PART III
3. CHAPTER III.
(continued)
He looked intently around him, and wondered why he had come here;
he was very tired, so he approached the bench and sat down on it.
Around him was profound silence; the music in the Vauxhall was
over. The park seemed quite empty, though it was not, in reality,
later than half-past eleven. It was a quiet, warm, clear night--a
real Petersburg night of early June; but in the dense avenue,
where he was sitting, it was almost pitch dark.
If anyone had come up at this moment and told him that he was in
love, passionately in love, he would have rejected the idea with
astonishment, and, perhaps, with irritation. And if anyone had
added that Aglaya's note was a love-letter, and that it contained
an appointment to a lover's rendezvous, he would have blushed
with shame for the speaker, and, probably, have challenged him to
a duel.
All this would have been perfectly sincere on his part. He had
never for a moment entertained the idea of the possibility of
this girl loving him, or even of such a thing as himself falling
in love with her. The possibility of being loved himself, "a man
like me," as he put it, he ranked among ridiculous suppositions.
It appeared to him that it was simply a joke on Aglaya's part, if
there really were anything in it at all; but that seemed to him
quite natural. His preoccupation was caused by something
different.
As to the few words which the general had let slip about Aglaya
laughing at everybody, and at himself most of all--he entirely
believed them.
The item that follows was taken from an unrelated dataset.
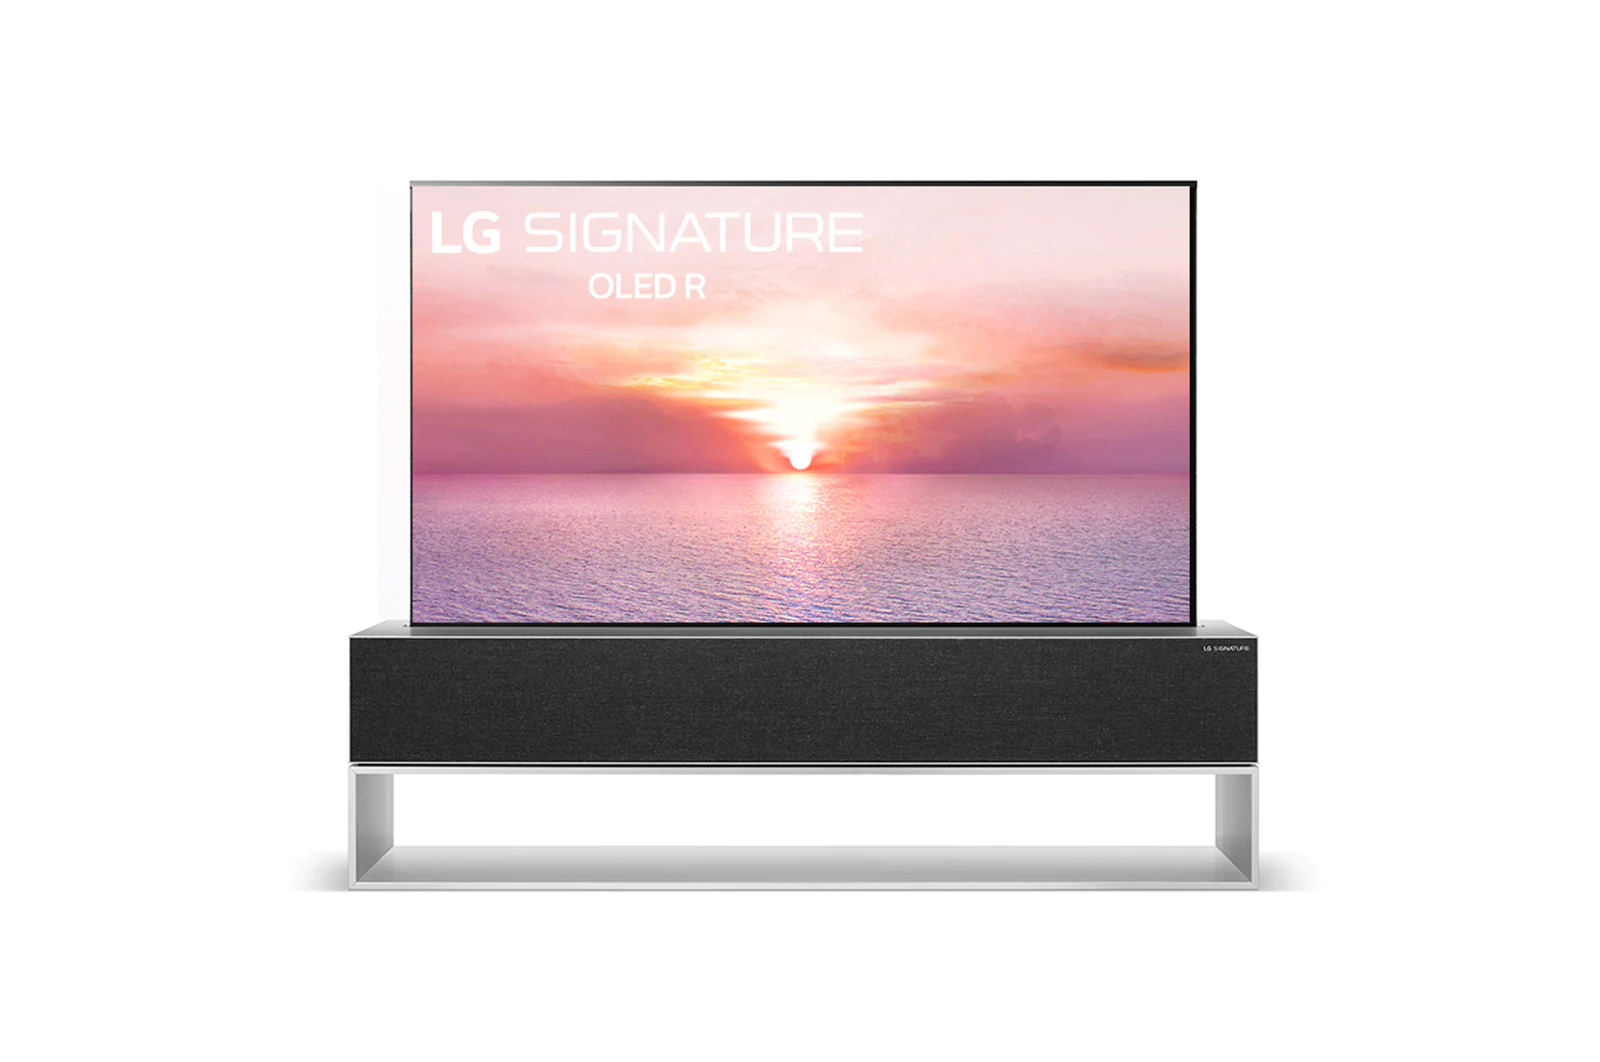 LG SIGNATURE OLED TV RX – 4K HDR Smart TV – 65” Class (64.5” Diag)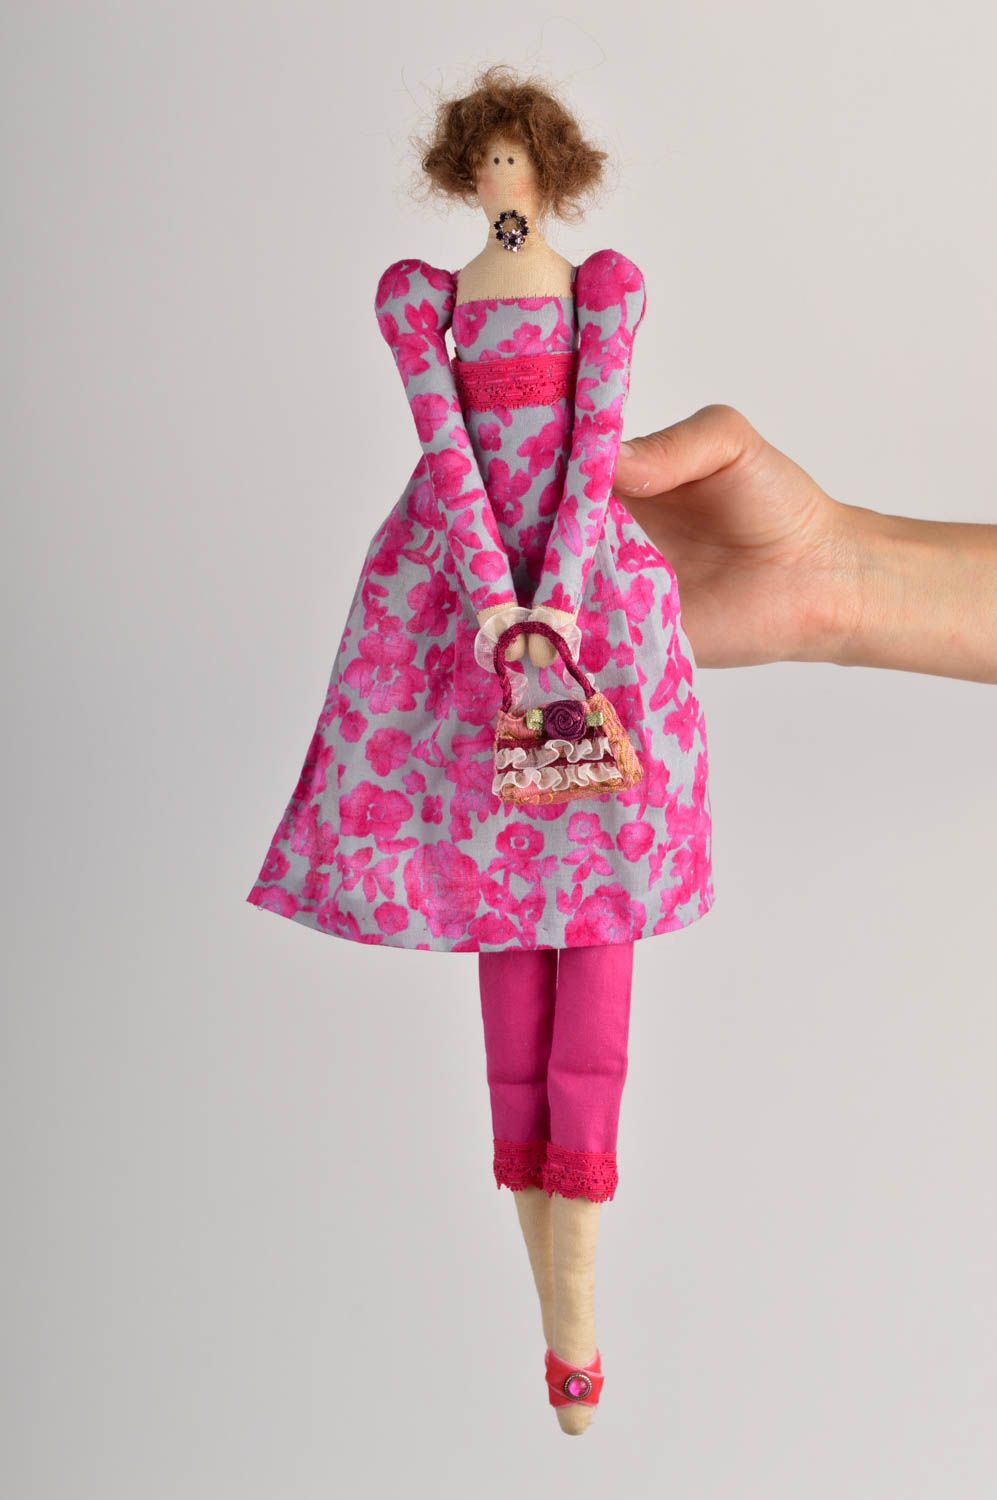 Handmade doll in pink dress stuffed toy designer childrens toy decoration ideas photo 5

He did not feel the slightest sensation of
offence; on the contrary, he was quite certain that it was as it
should be.
His whole thoughts were now as to next morning early; he would
see her; he would sit by her on that little green bench, and
listen to how pistols were loaded, and look at her. He wanted
nothing more.
The question as to what she might have to say of special interest
to himself occurred to him once or twice. He did not doubt, for a
moment, that she really had some such subject of conversation in
store, but so very little interested in the matter was he that it
did not strike him to wonder what it could be. The crunch of
gravel on the path suddenly caused him to raise his head.